TASK REQUIREMENTS => Find "Oriental Pearl TV Tower Tower in Shanghai" in the listing below, then set down only that line and each later line, unchanged, leaving out pictures.

RAW DATA =>

%%

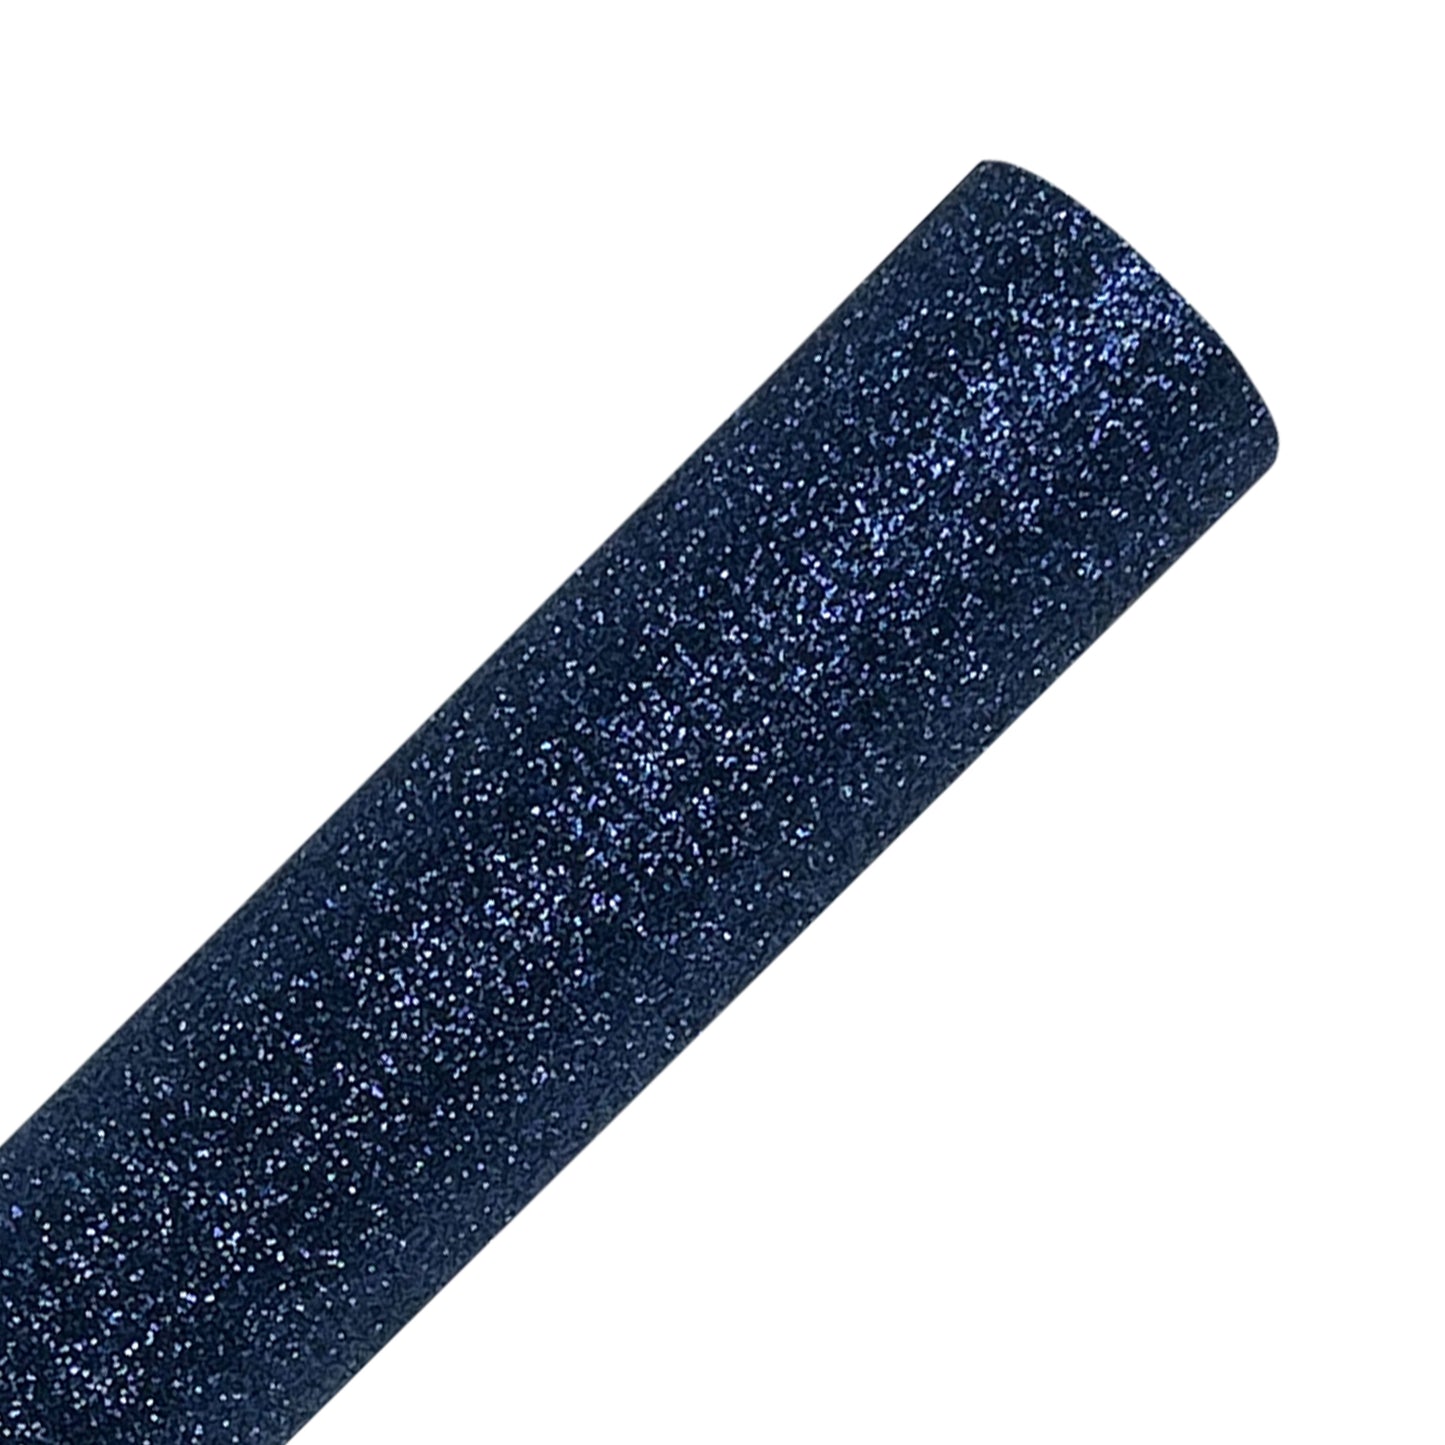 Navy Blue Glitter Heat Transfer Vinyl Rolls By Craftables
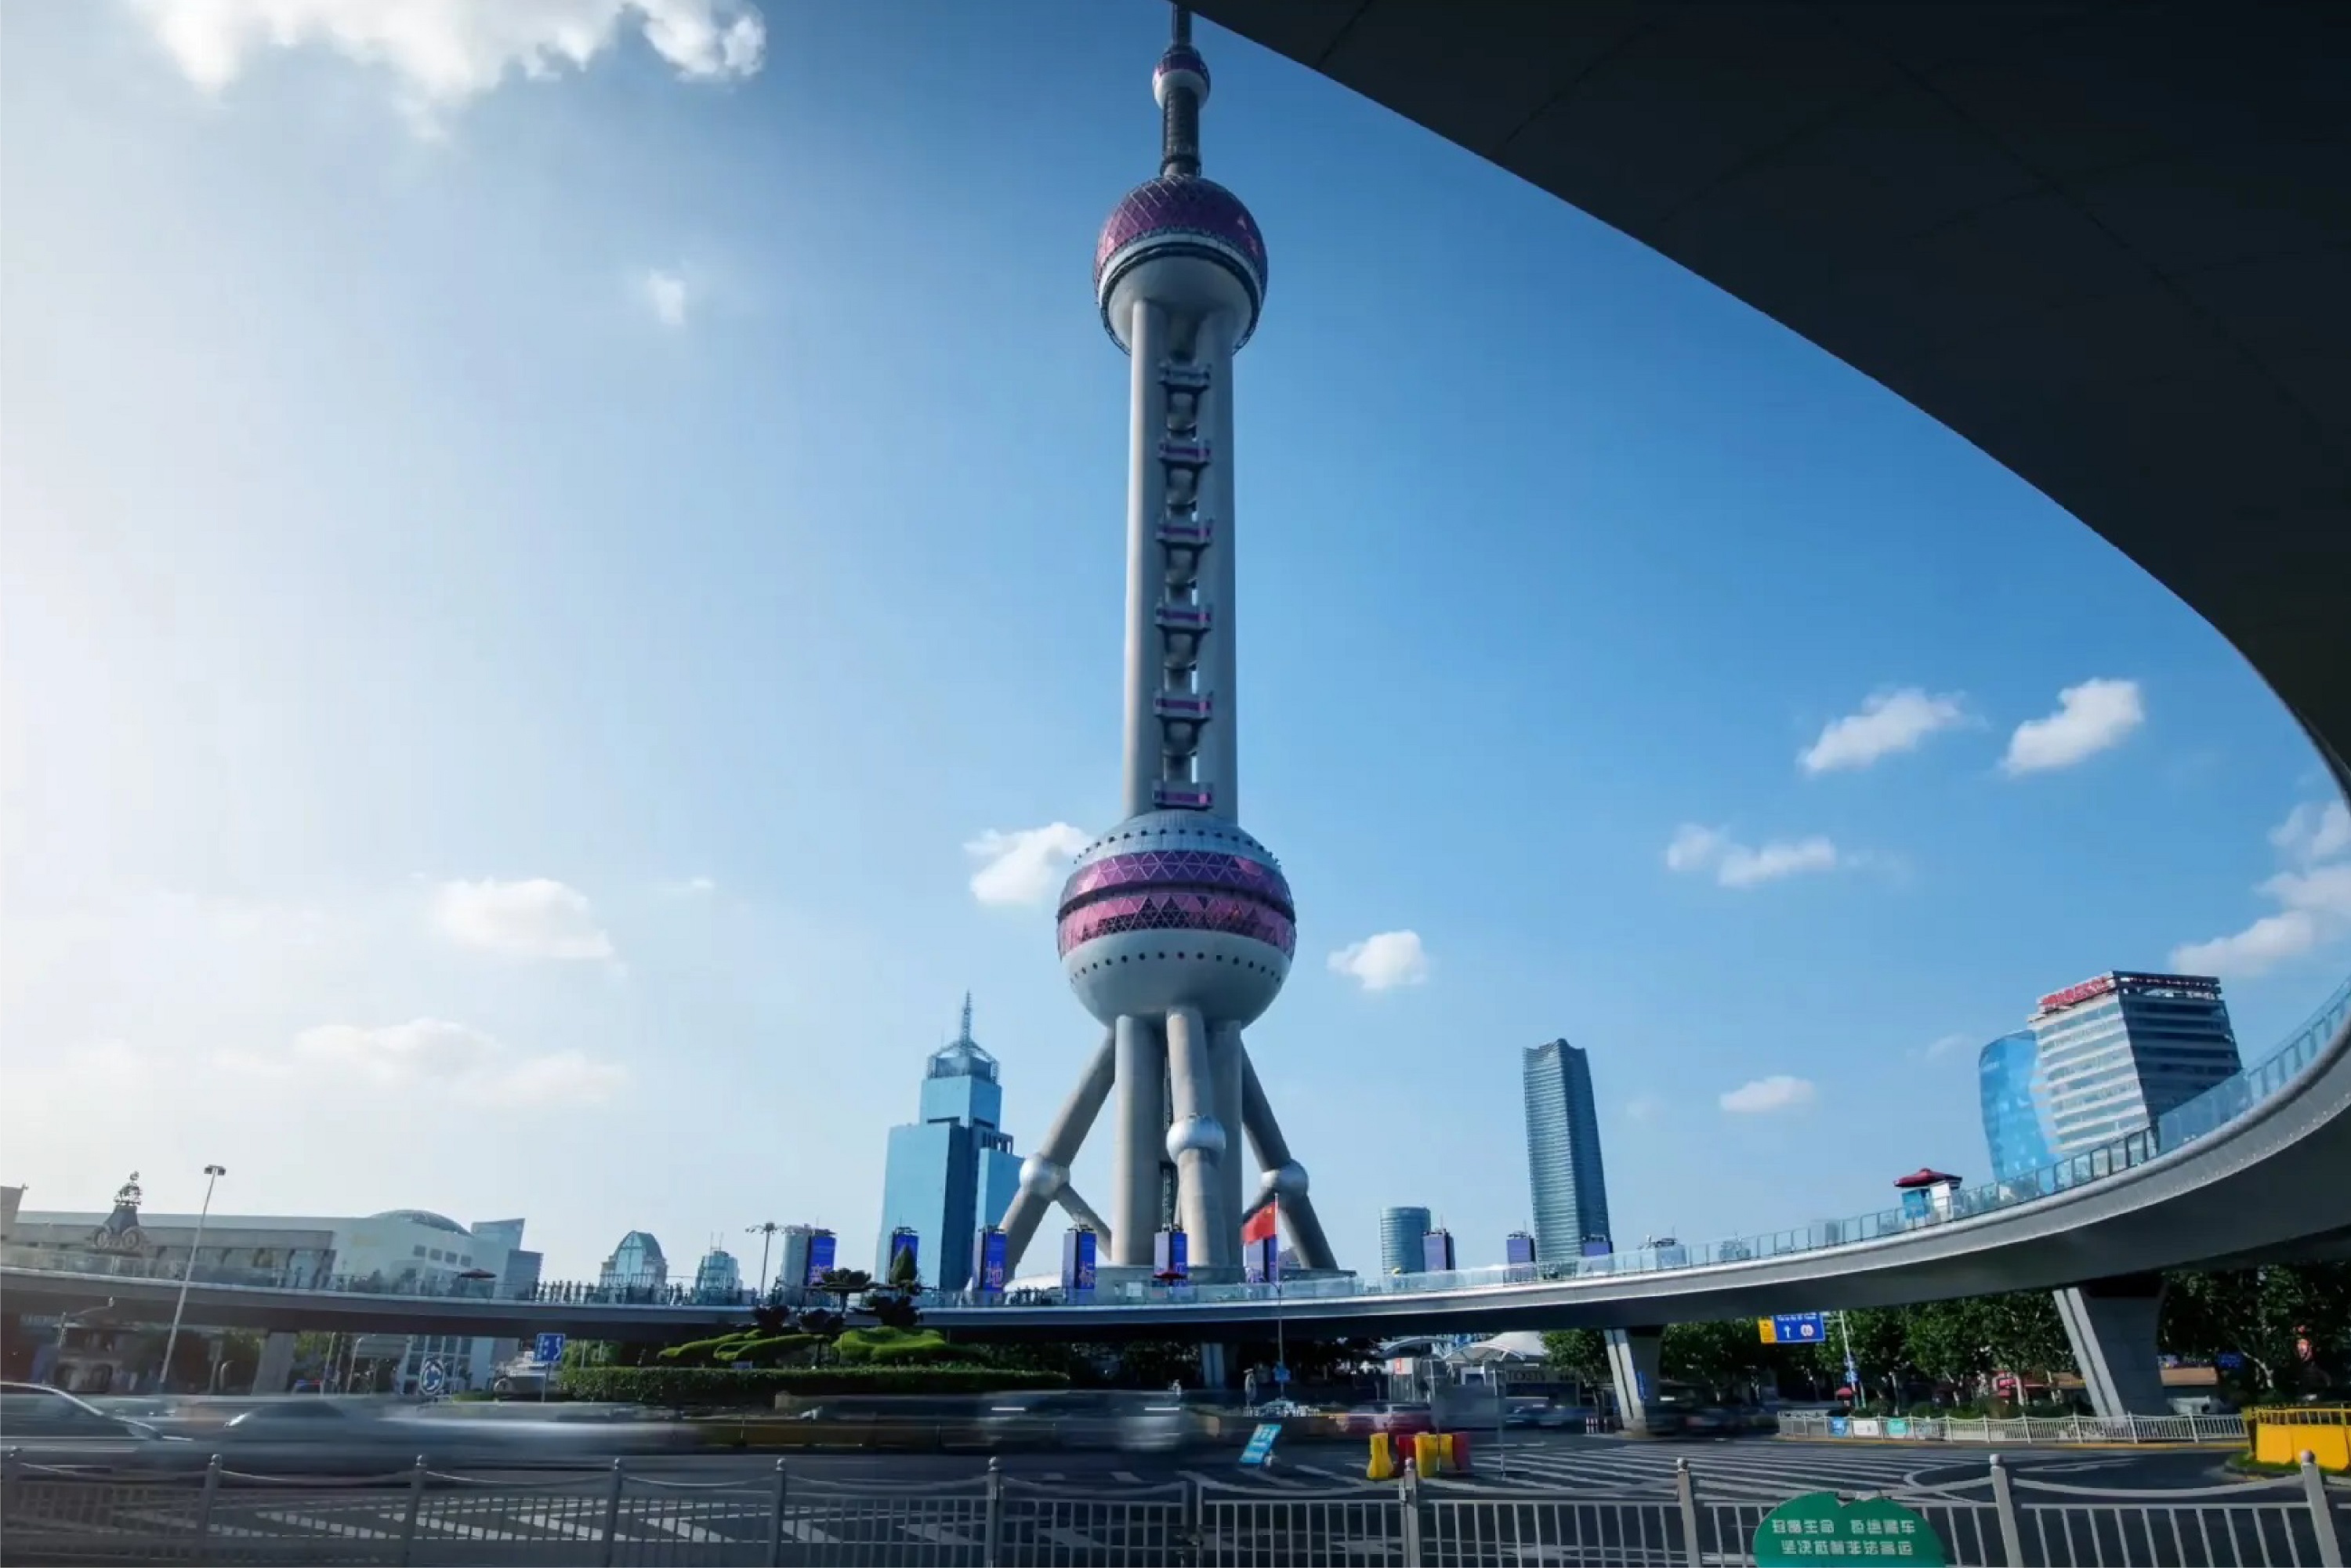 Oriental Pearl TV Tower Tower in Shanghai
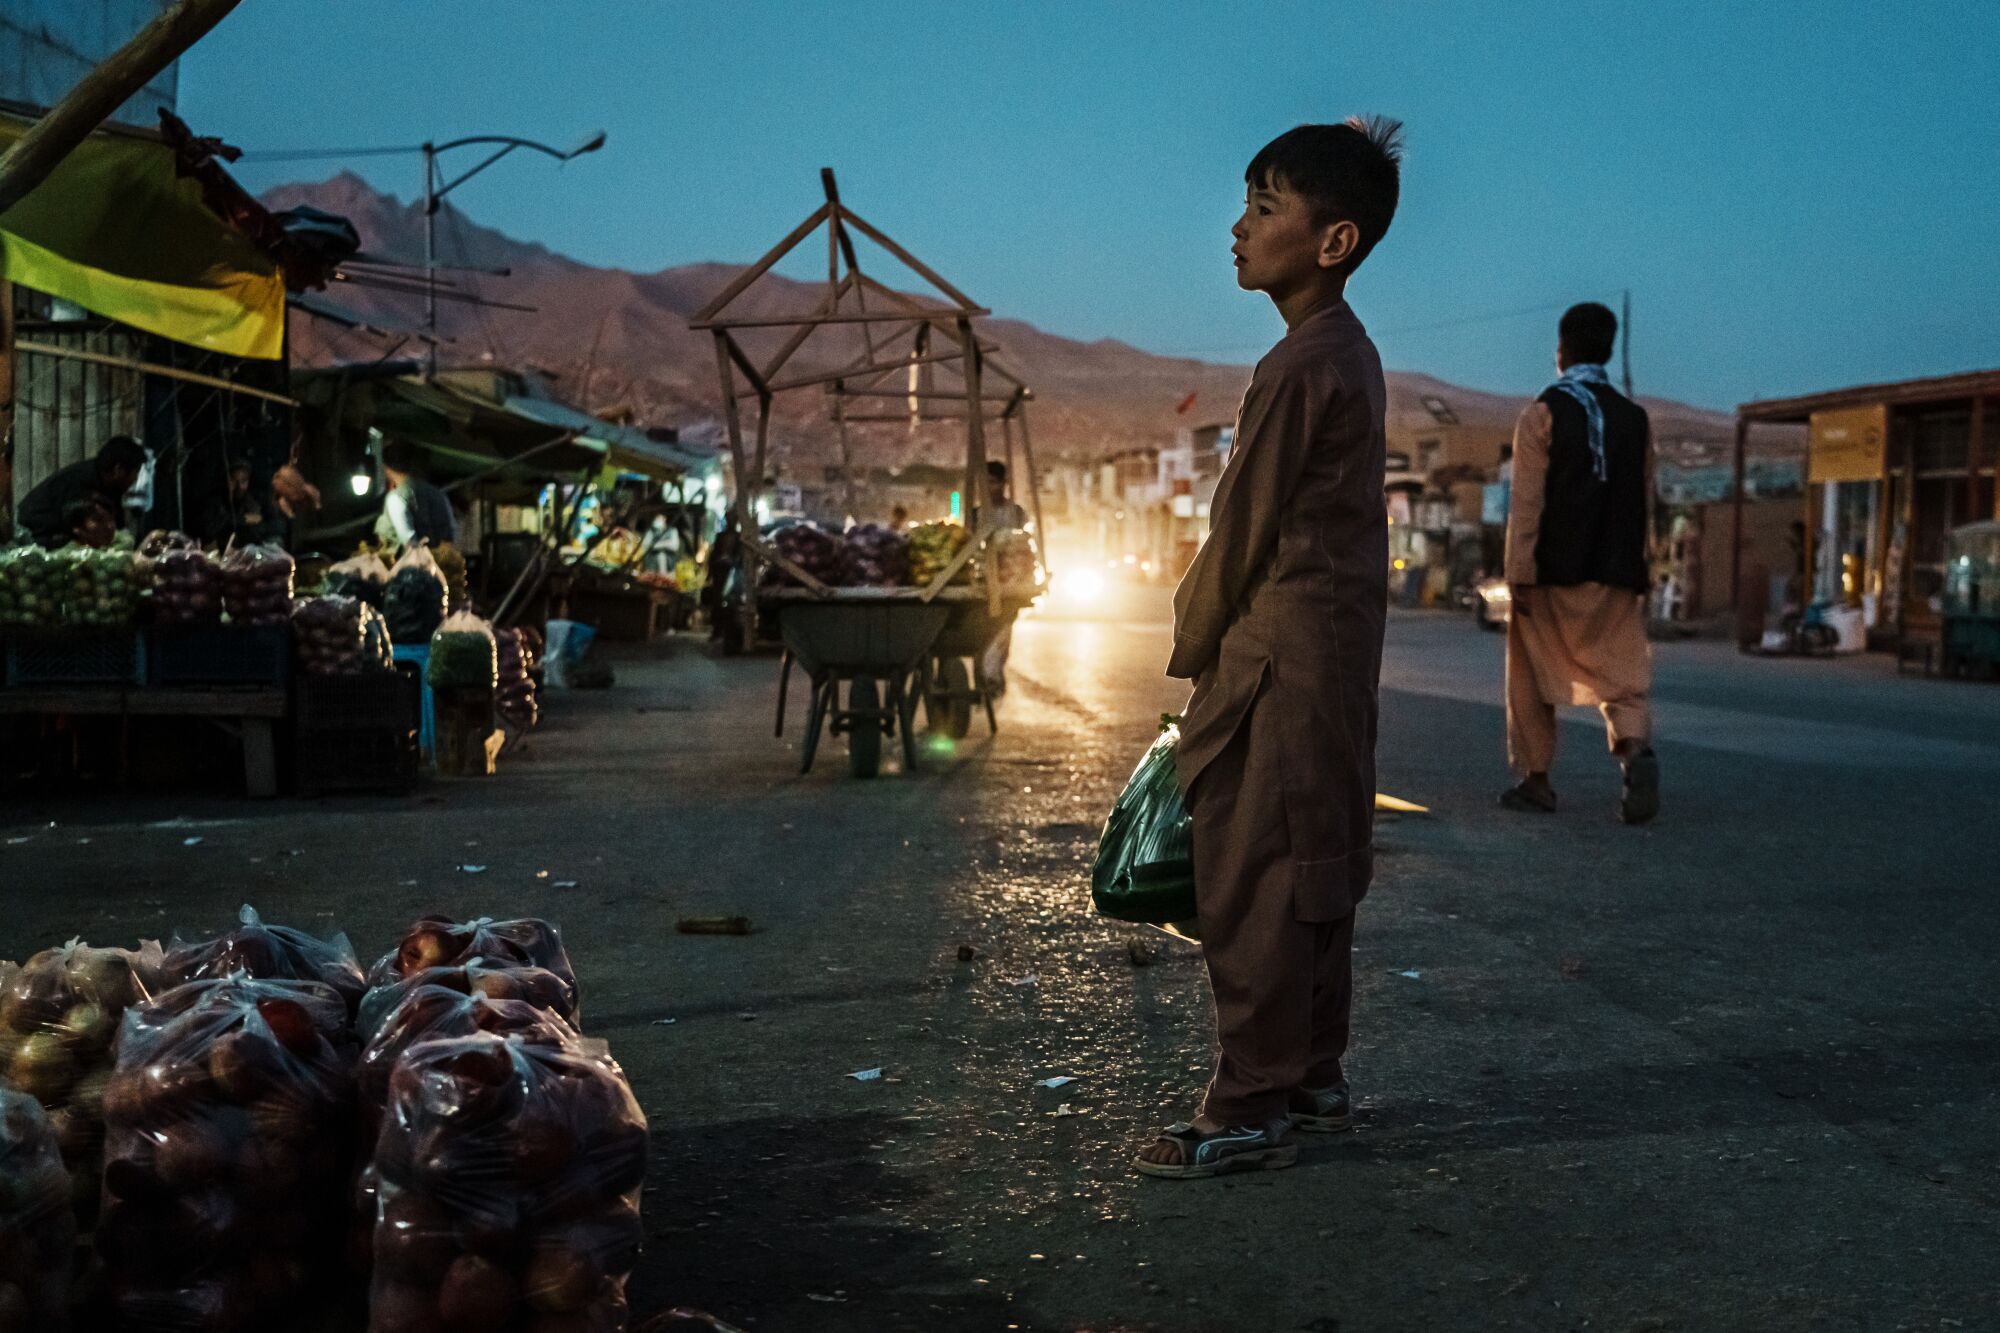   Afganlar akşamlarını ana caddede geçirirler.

%%

YOUR RESPONSE =>
 Oriental Pearl TV Tower Tower in Shanghai
   Afganlar akşamlarını ana caddede geçirirler.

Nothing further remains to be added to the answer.